# Simulation of Markov chain slower than in Matlab

## Question:

I run the same test code in Python+Numpy and in Matlab and see that the Matlab code is faster by an order of magnitude. I want to know what is the bottleneck of the Python code and how to speed it up.

I run the following test code using Python+Numpy (the last part is the performance sensitive one):

```
# Packages
import numpy as np
import time
# Number of possible outcomes
num_outcomes = 20
# Dimension of the system
dim = 50
# Number of iterations
num_iterations = int(1e7)
# Possible outcomes
outcomes = np.arange(num_outcomes)
# Possible transition matrices
matrices = [np.random.rand(dim, dim) for k in outcomes]
matrices = [mat/np.sum(mat, axis=0) for mat in matrices]
# Initial state
state = np.random.rand(dim)
state = state/np.sum(state)
# List of samples
samples = np.random.choice(outcomes, size=(num_iterations,))
samples = samples.tolist()
# === PERFORMANCE-SENSITIVE PART OF THE CODE ===
# Update the state over all iterations
start_time = time.time()
for k in range(num_iterations):
sample = samples[k]
matrix = matrices[sample]
state = np.matmul(matrix, state)
end_time = time.time()
# Print the execution time
print(end_time - start_time)
```

I then run an equivalent code using Matlab (the last part is the performance sensitive one):

```
% Number of possible outcomes
num_outcomes = 20;
% Number of dimensions
dim = 50;
% Number of iterations
num_iterations = 1e7;
% Possible outcomes
outcomes = 1:num_outcomes;
% Possible transition matrices
matrices = rand(num_outcomes, dim, dim);
matrices = matrices./sum(matrices,2);
matrices = num2cell(matrices,[2,3]);
matrices = cellfun(@shiftdim, matrices, 'UniformOutput', false);
% Initial state
state = rand(dim,1);
state = state./sum(state);
% List of samples
samples = datasample(outcomes, num_iterations);
% === PERFORMANCE-SENSITIVE PART OF THE CODE ===
% Update the state over all iterations
tic;
for k = 1:num_iterations
sample = samples(k);
matrix = matrices{sample};
state = matrix * state;
end
toc;
```

The Python code is consistently slower than the Matlab code by an order of magnitude, and I am not sure why.

Any idea where to start?

I run the Python code with the Python 3.10 interpreter and Numpy 1.22.4. I run the Matlab code with Matlab R2022a.
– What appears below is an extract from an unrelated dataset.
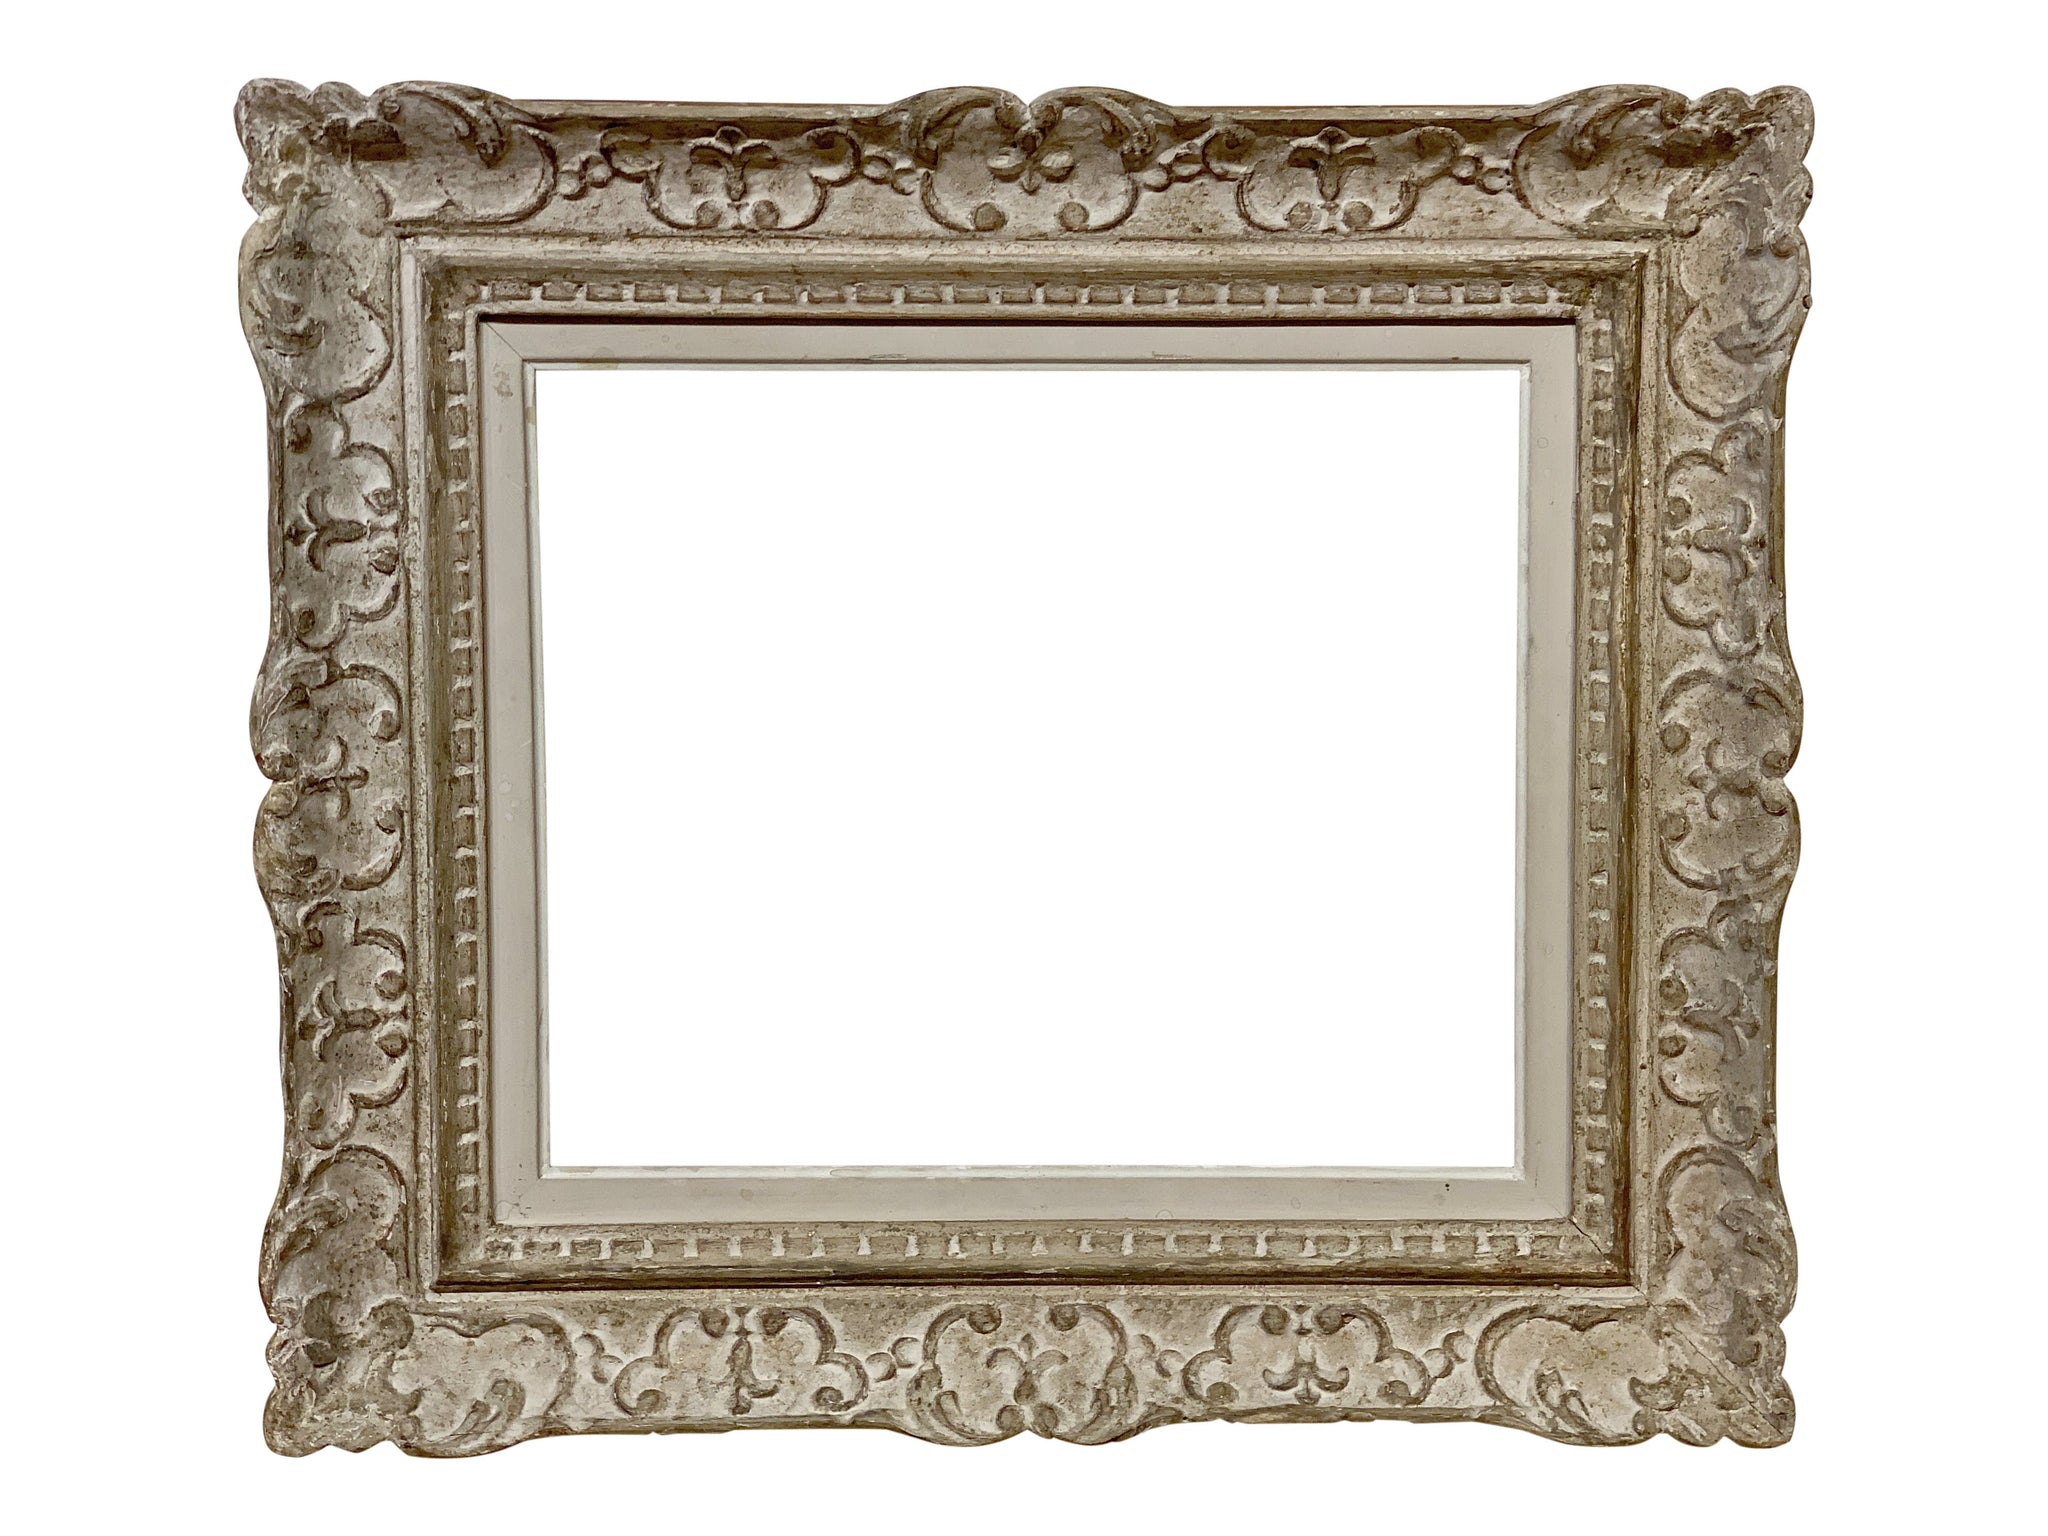 15x18 Inch Vintage White Shabby Chic Picture Frame for canvas art circa 1900s (20th Century).

Both codes are run on Windows 11 Pro 64 bits on a Lenovo T14 ThinkPad with the following processors:

11th Gen Intel(R) Core(TM) i7-1165G7 @ 2.80GHz, 2803 Mhz, 4 Core(s), 8 Logical Processor(s)

EDIT 1: I made some additional tests and it looks like the culprit is some type of Python-specific constant overhead at low matrix sizes:

As hpaulj and MSS suggest, this might mean that a JIT compiler could solve some of these issues. I will do my best to try this in the near future.

EDIT 2: I ran the code under Pypy 3.9-v7.3.11-win64 and although it does change the scaling and even beats Cpython at small matrix sizes, it generally incurs a big overhead for this particular code:

So a JIT compiler could help if there are ways to mitigate this overhead. Otherwise a Cython implementation is probably the remaining way to go…

## Answers:

In the loop, the main hindrance is `np.matmul(matrix,state)`

.

If we unroll the loop:

```
st[1] = m[0]@st[0]
st[2] = m[1]@st[1] = m[1]@m[0]@st[0]
st[3] = m[2]@m[1]@m[0]@st[0]
```

There is no obvious vectorized way to do looped `np.matmul`

in a non loopy way.

A better way would be to do it in log_2(n) loops.

```
import numpy as np
outcomes = 20
dim = 50
num_iter = int(1e7)
mat = np.random.rand(outcomes,dim, dim)
mat = mat/mat.sum(axis=1)[...,None]
state = np.random.rand(dim)
state = state/np.sum(state)
samples = np.random.choice(np.arange(outcomes), size=(num_iter,))
a = mat[samples,...]
# This while loop takes log_2(num_iter) iterations
while len(a) > 1:
a = np.matmul(a[::2, ...], a[1::2, ...])
state = np.matmul(a,state)
```

The time may be further reduced by using numba jit.